Data provided
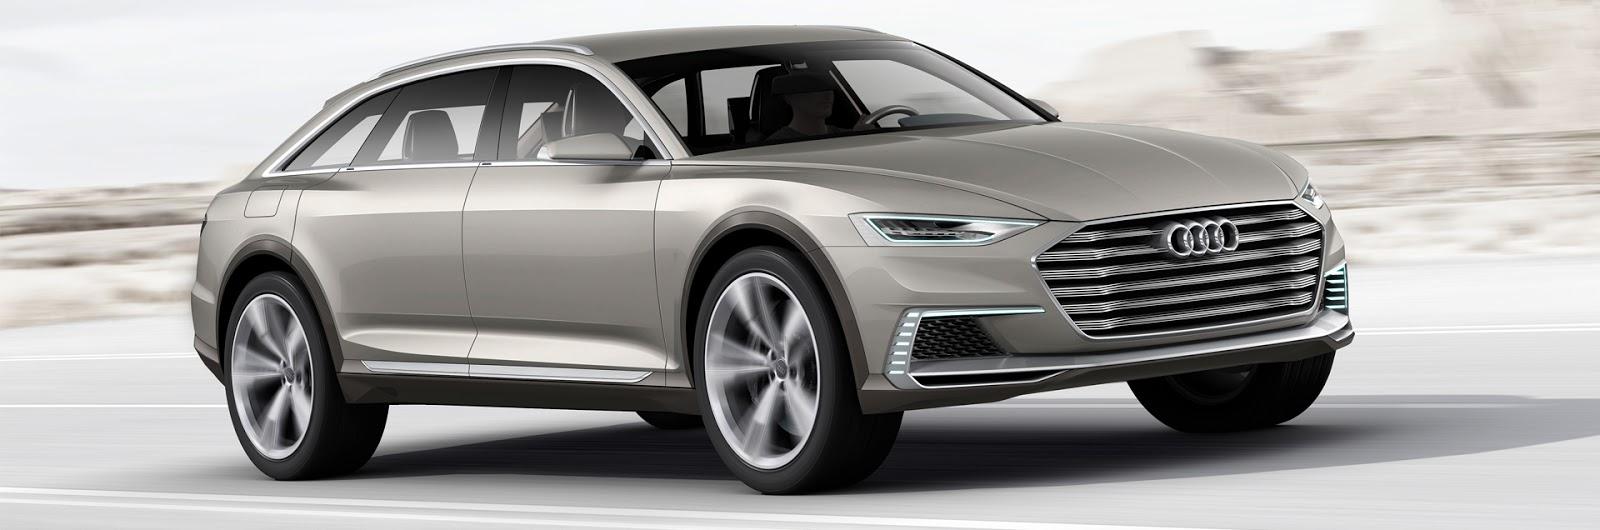 Audi prologue avant oficjalnie
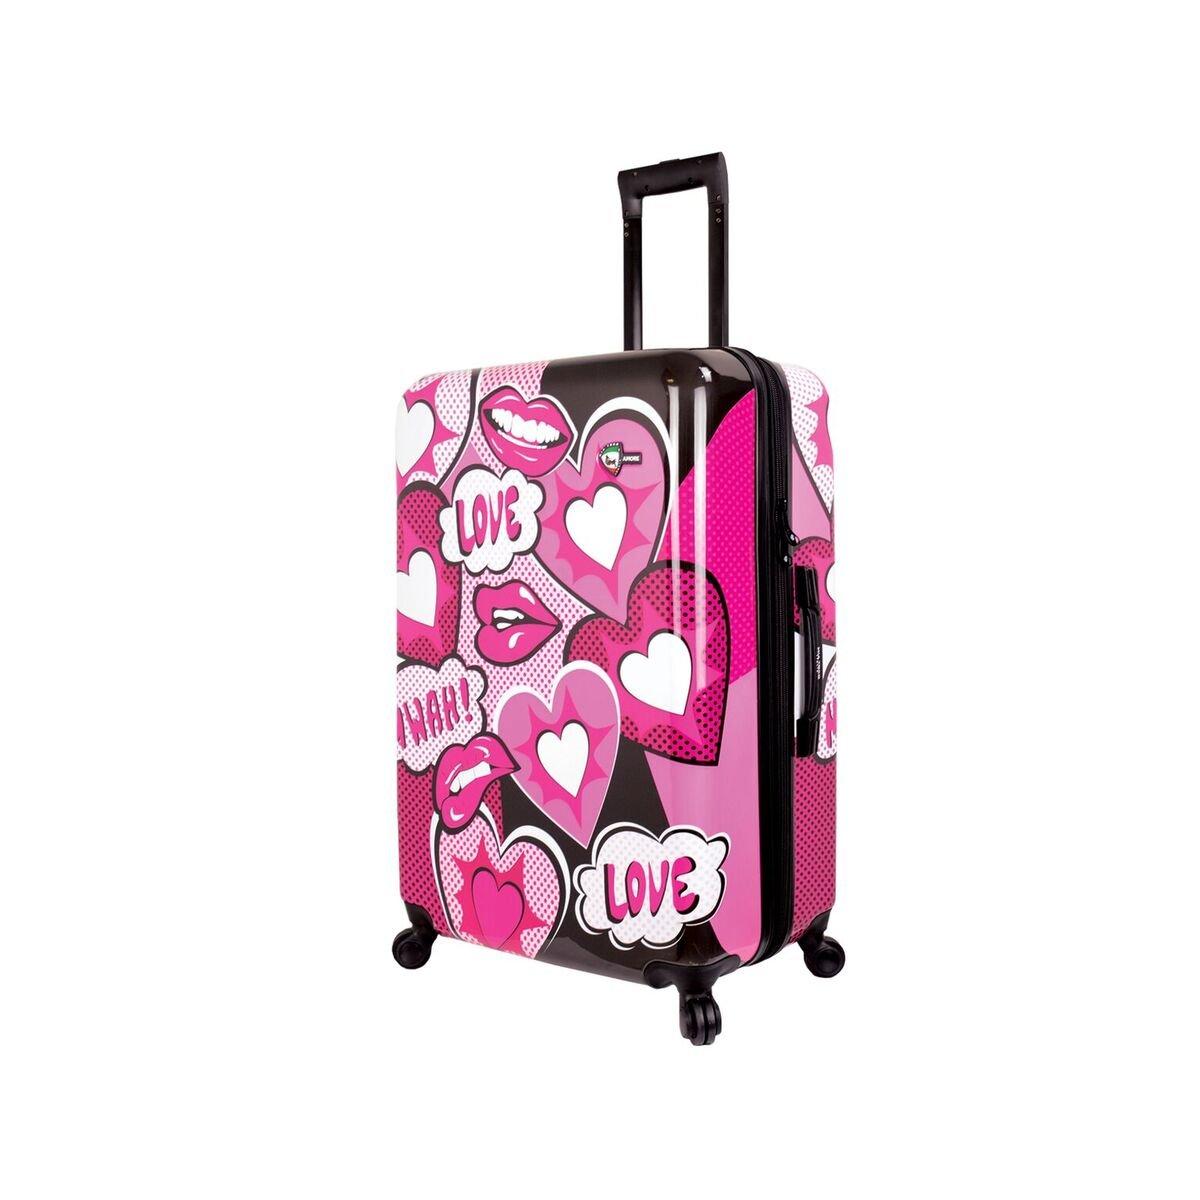 Mia Toro スーツケース, ピンク, One Size  ピンク B078SZQ461
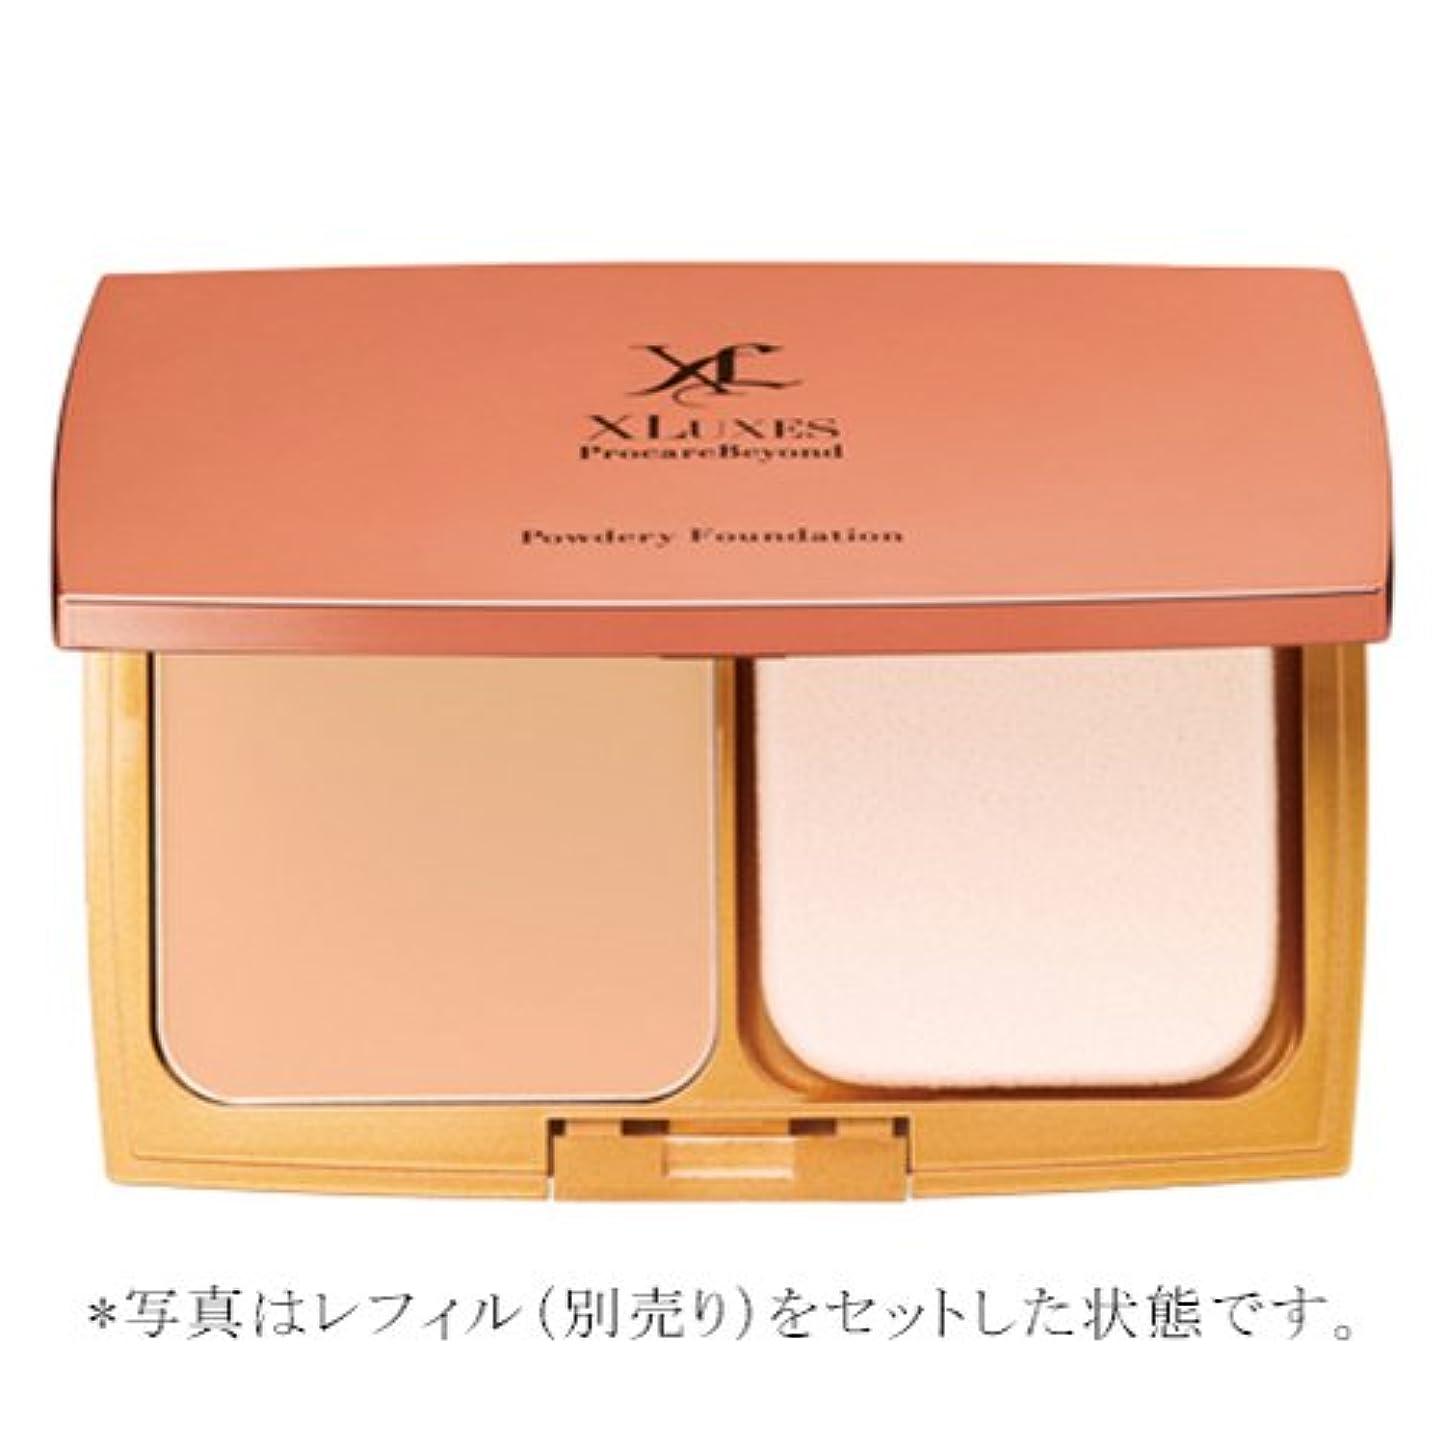 XLUXES パウダリーファンデーション専用ケース (パフ付) プロケアビヨンド
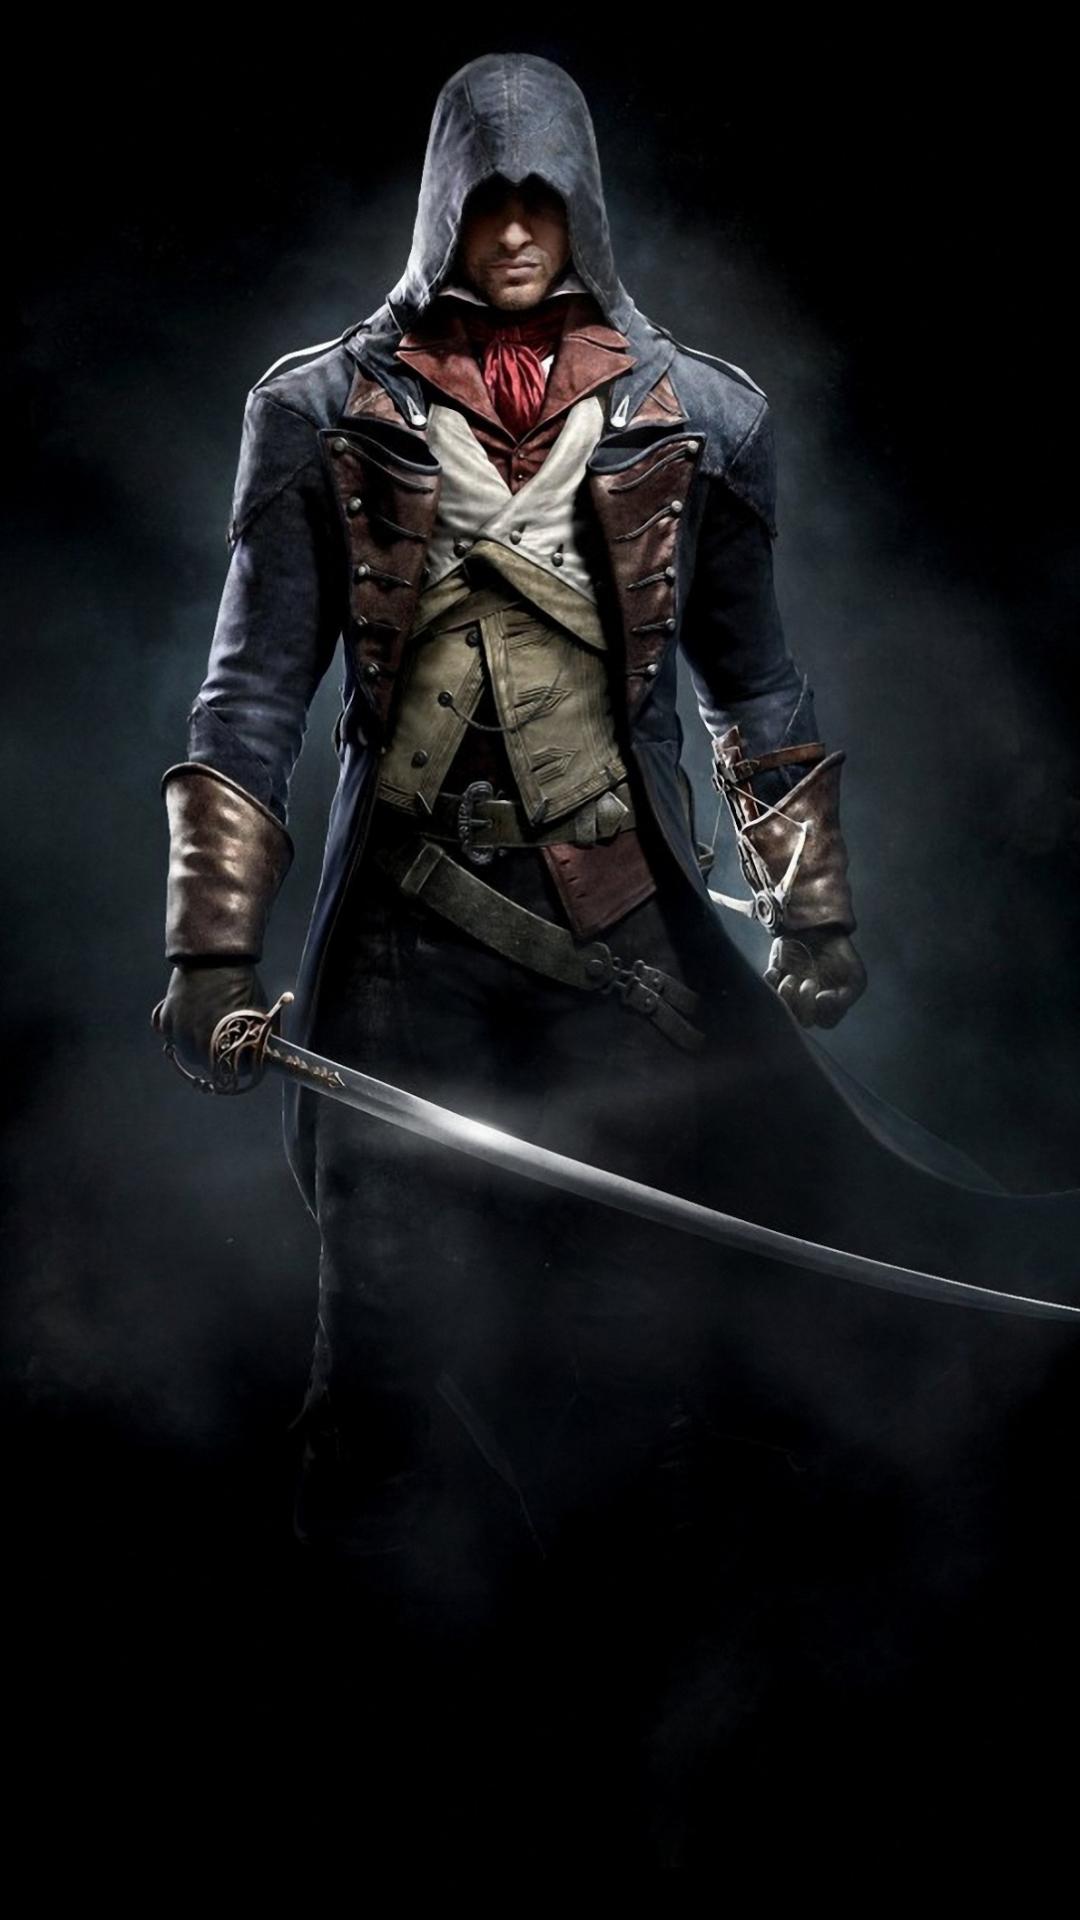 Assassins Creed Wallpaper Hd 1080p Hd Assassin S Creed Wallpaper For Iphone Pixelstalk Net

About this exercise
The whole listing should be reproduced exactly. Images don't go in.

Exercise result
 Audi prologue avant oficjalnie
 Mia Toro スーツケース, ピンク, One Size  ピンク B078SZQ461
 XLUXES パウダリーファンデーション専用ケース (パフ付) プロケアビヨンド
 Assassins Creed Wallpaper Hd 1080p Hd Assassin S Creed Wallpaper For Iphone Pixelstalk Net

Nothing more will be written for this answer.